The studies about multimodal sentiment analysis can be divided into the following categories, which mainly are feature-level fusion, intermediate fusion, and decision-level fusion. In the aspect of feature-level fusion, Poria et al. (2016) concatenated the textual features extracted from CNN, facial features extracted from tools, and audio features extracted from OpenSMILE into a long vector, and then the fused vector was fed into the classifier to perform sentiment analysis. Cambria et al. (2013) proposed the model Sentic Blending to analyze the sentiment based on the affective knowledge fusing multiple unimodal features. Pérez Rosas et al. (2013) analyzed the sentiment in videos through fusing the textual features, facial features, and audio features. Intermediate fusion usually happens in neural networks. To analyze the sentiment in videos, Zadeh et al. (2017) proposed a novel intermediate fusion technique in a way of tensor fusion. The embeddings extracted from different modality subnetworks were fused in a form of vector outer product. Majumder et al. (2018) proposed a hierarchical fusion strategy. In the strategy, unimodal features are fused two in two and the fused bimodal features are fused again to generate trimodal features. Besides, K. Zhang et al. (2022) construct the model based on reinforcement learning and domain knowledge to recognize emotions from the real-time videos, and obtained satisfying results in the public datasets. In decision-level fusion, Song et al. (2018) employed different classifiers to recognize the sentiment of different modalities, and then used an Artificial Neural Network or k-Nearest Neighbor to classify the outputs, producing the final labels.

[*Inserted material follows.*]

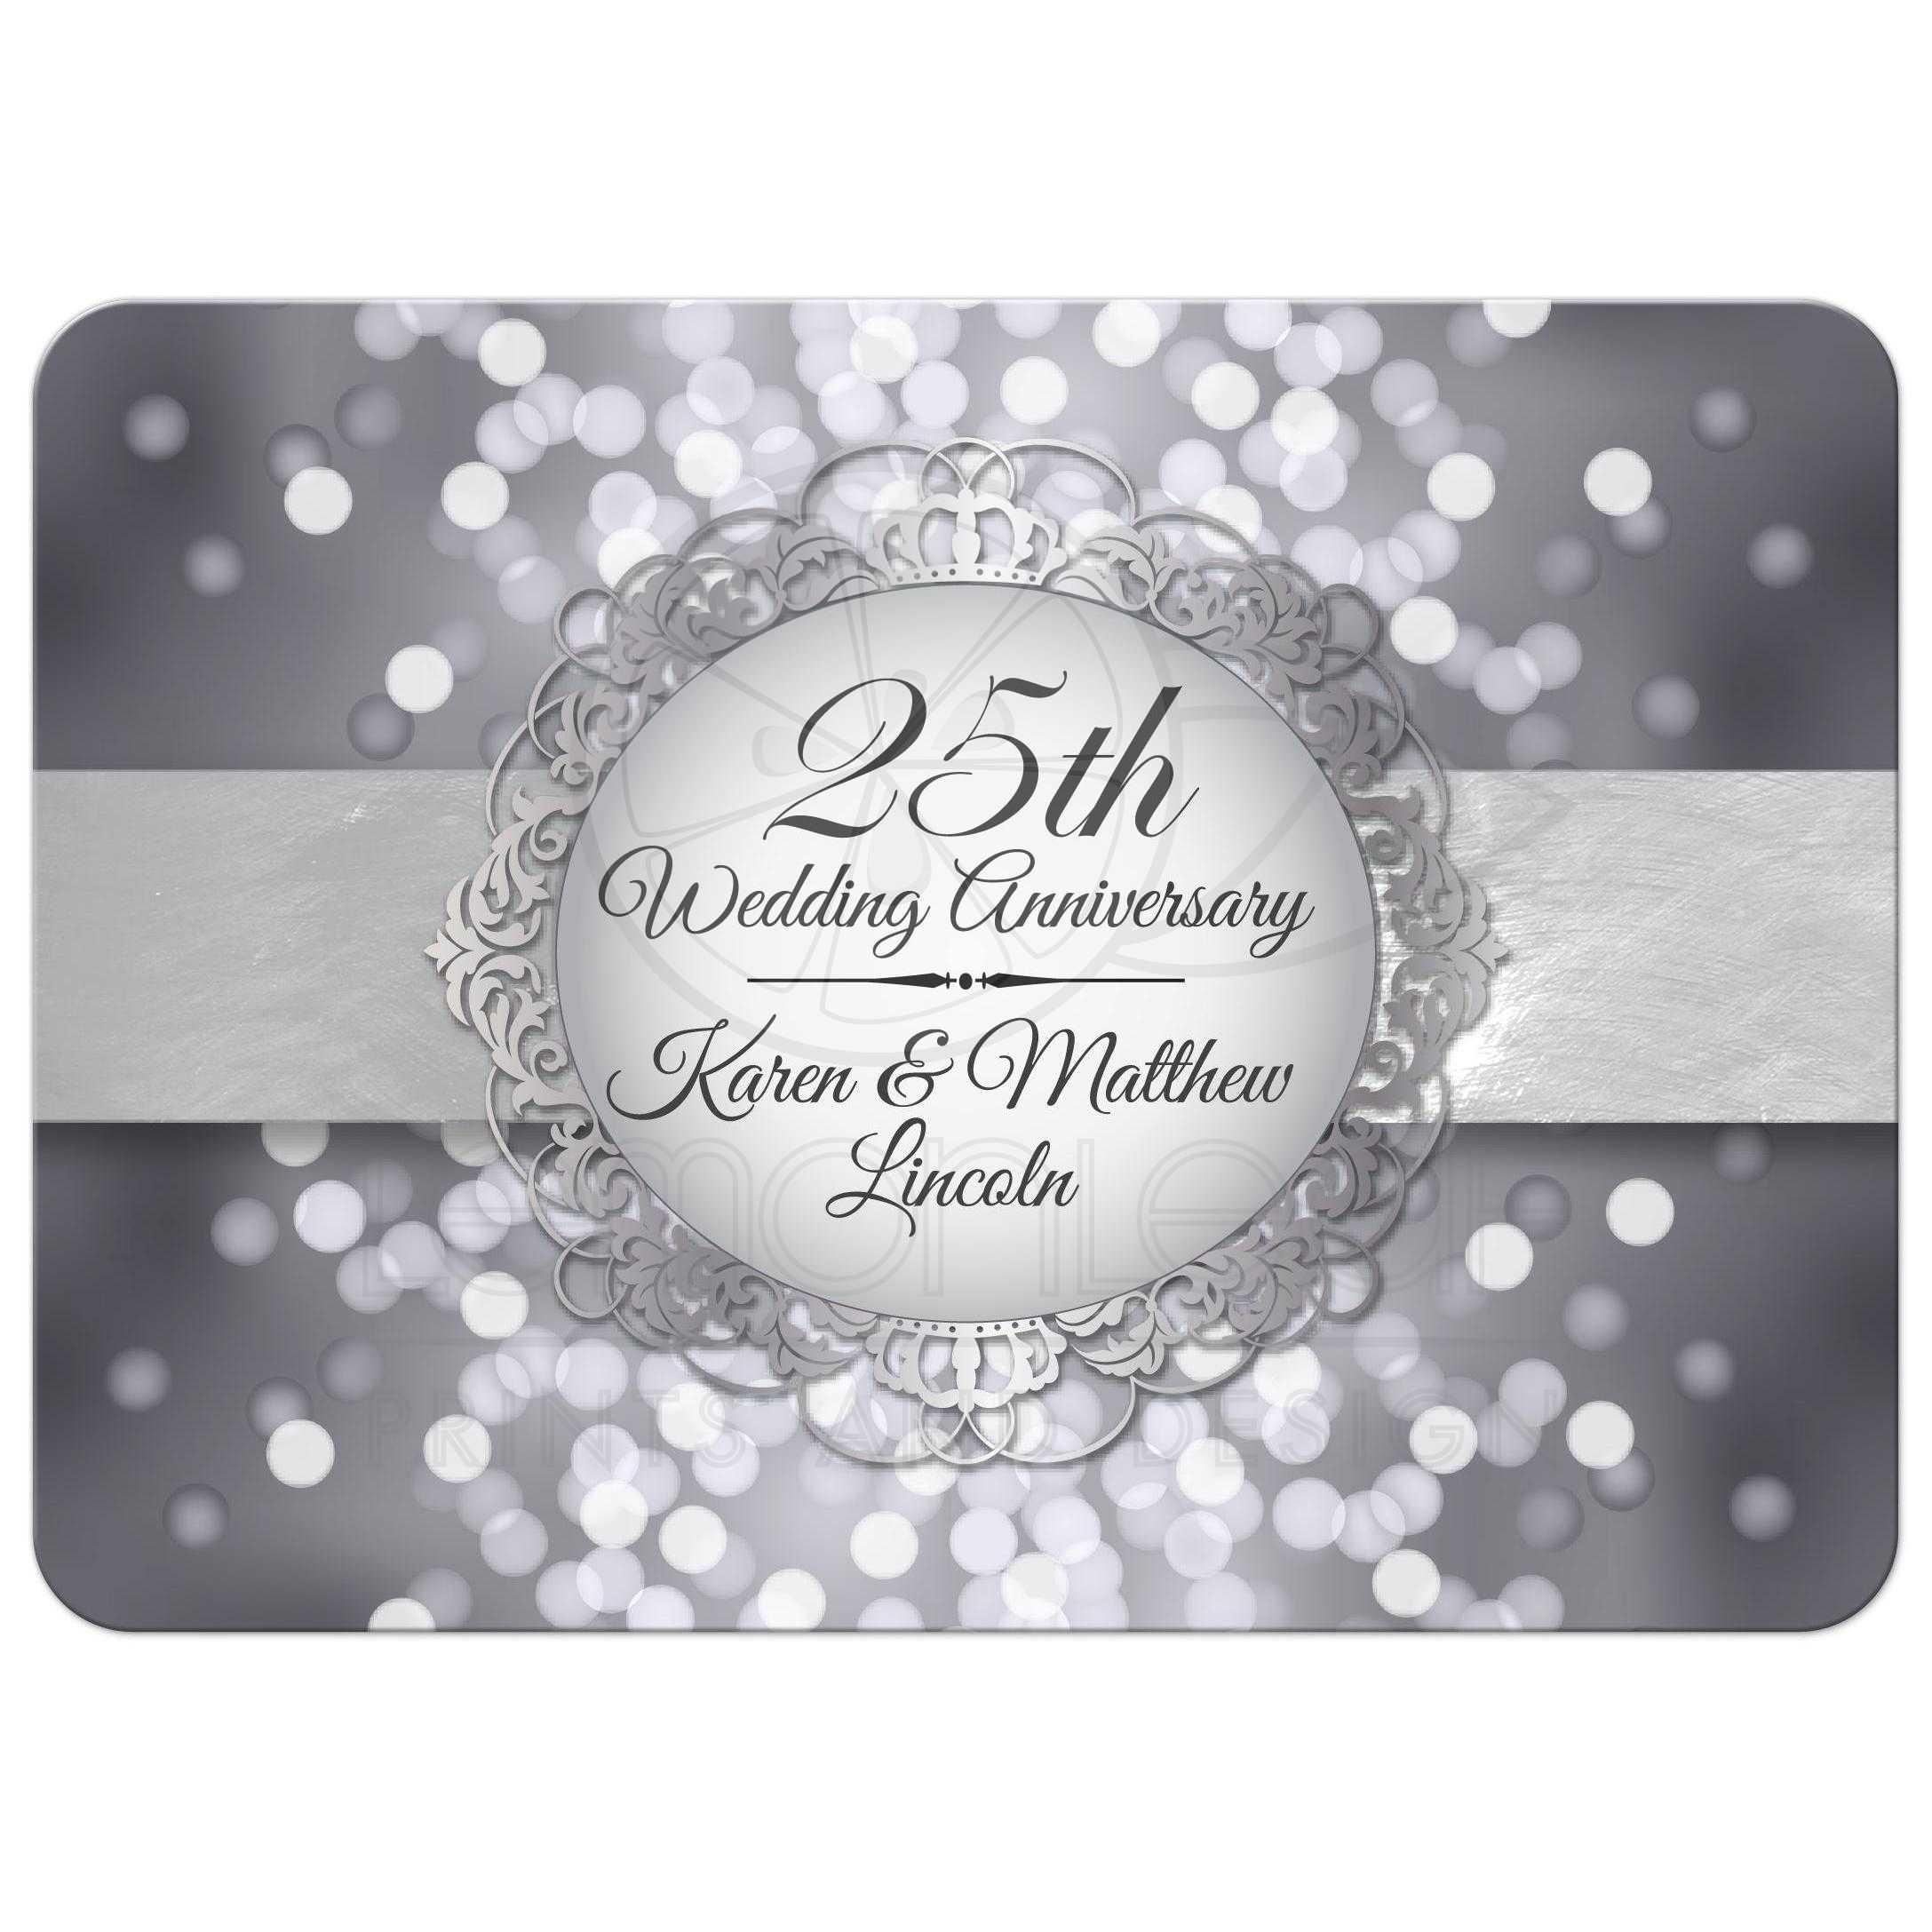 Anniversary Party Invitation - Silver Anniversary Bokeh Medallion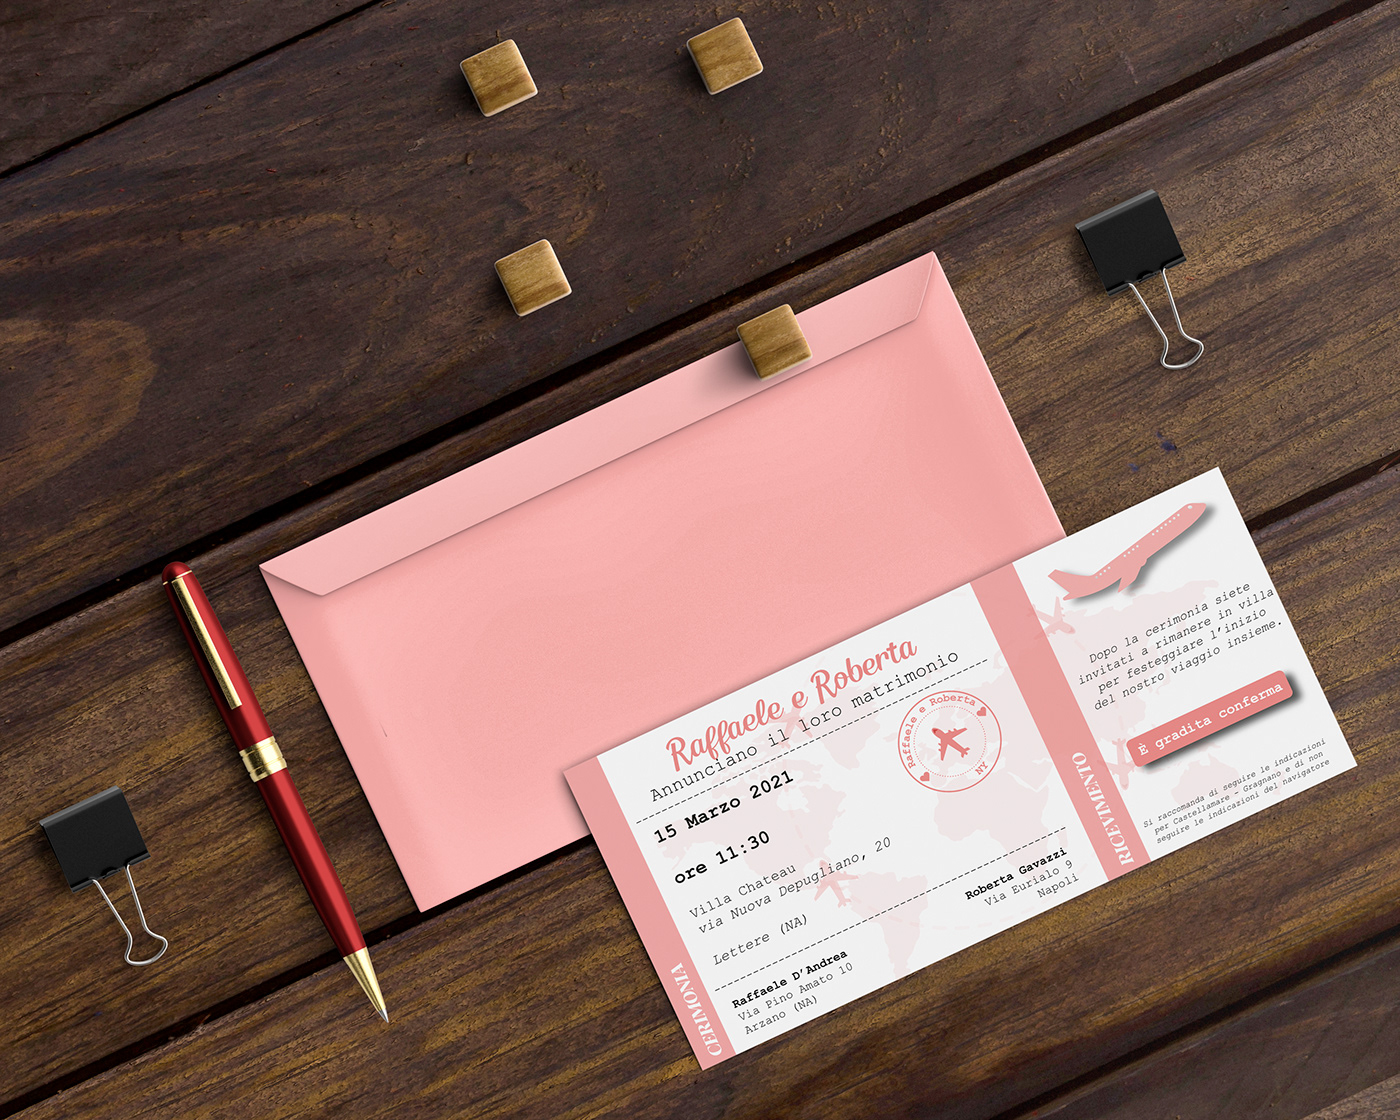 card envelope Invitation plane rose Travel wedding

Though great success has been achieved in multimodal sentiment analysis, these methods still have some limits. The textual representation needs to be enhanced for a specific task and the information in the corresponding images is not utilized completely. Thus, we propose a deep multimodal fusion model to exploit the semantics correlation and complementary emotional information in texts and images.

The proposed model

In this section, we explain the Deep Multimodal Fusion Model (DMFM) in detail presented in Figure 1. Firstly, we employ the Word2vec model, pretrained on a large-scale public emergency text corpus, to represent texts. Secondly, we utilize the BiLSTM to generate dense encoded textual features for textual sentiment analysis. Thirdly, we apply a deep visual sentiment analysis network, which is a modified VGG16 model (Simonyan & Zisserman, 2015) pretrained on ImageNet dataset (Deng et al., 2009) to extract the complementary features from images for deep visual sentiment analysis. In this stage, to dig sentimental information of images deeply, different fine-tuning strategies are explored and the best-performed fine-tuning strategy is adopted. Lastly, we adopt a deep intermediate fusion technique by combining rich textual and visual features, for passing into fully connected layers, and generating the final predicted label.

3.1

Textual sentiment analysis

Text representation has an important effect on the performance of the whole model. Distributed representation can embed texts into space, from high-dimension to low-dimension. Word2vec is one of the typical representatives of distributed representation. Words can be mapped to a low-dimensional space, and the semantically related words can be closer in space. Zadeh et al. (2017) employed the general word vector with 300 dimensions (300–d) to perform textual sentiment analysis. Different from their work, we train the word2vec model on a large-scale domain corpus, from public emergencies in social platforms, and the domain-representative embeddings rich in context semantics can be produced.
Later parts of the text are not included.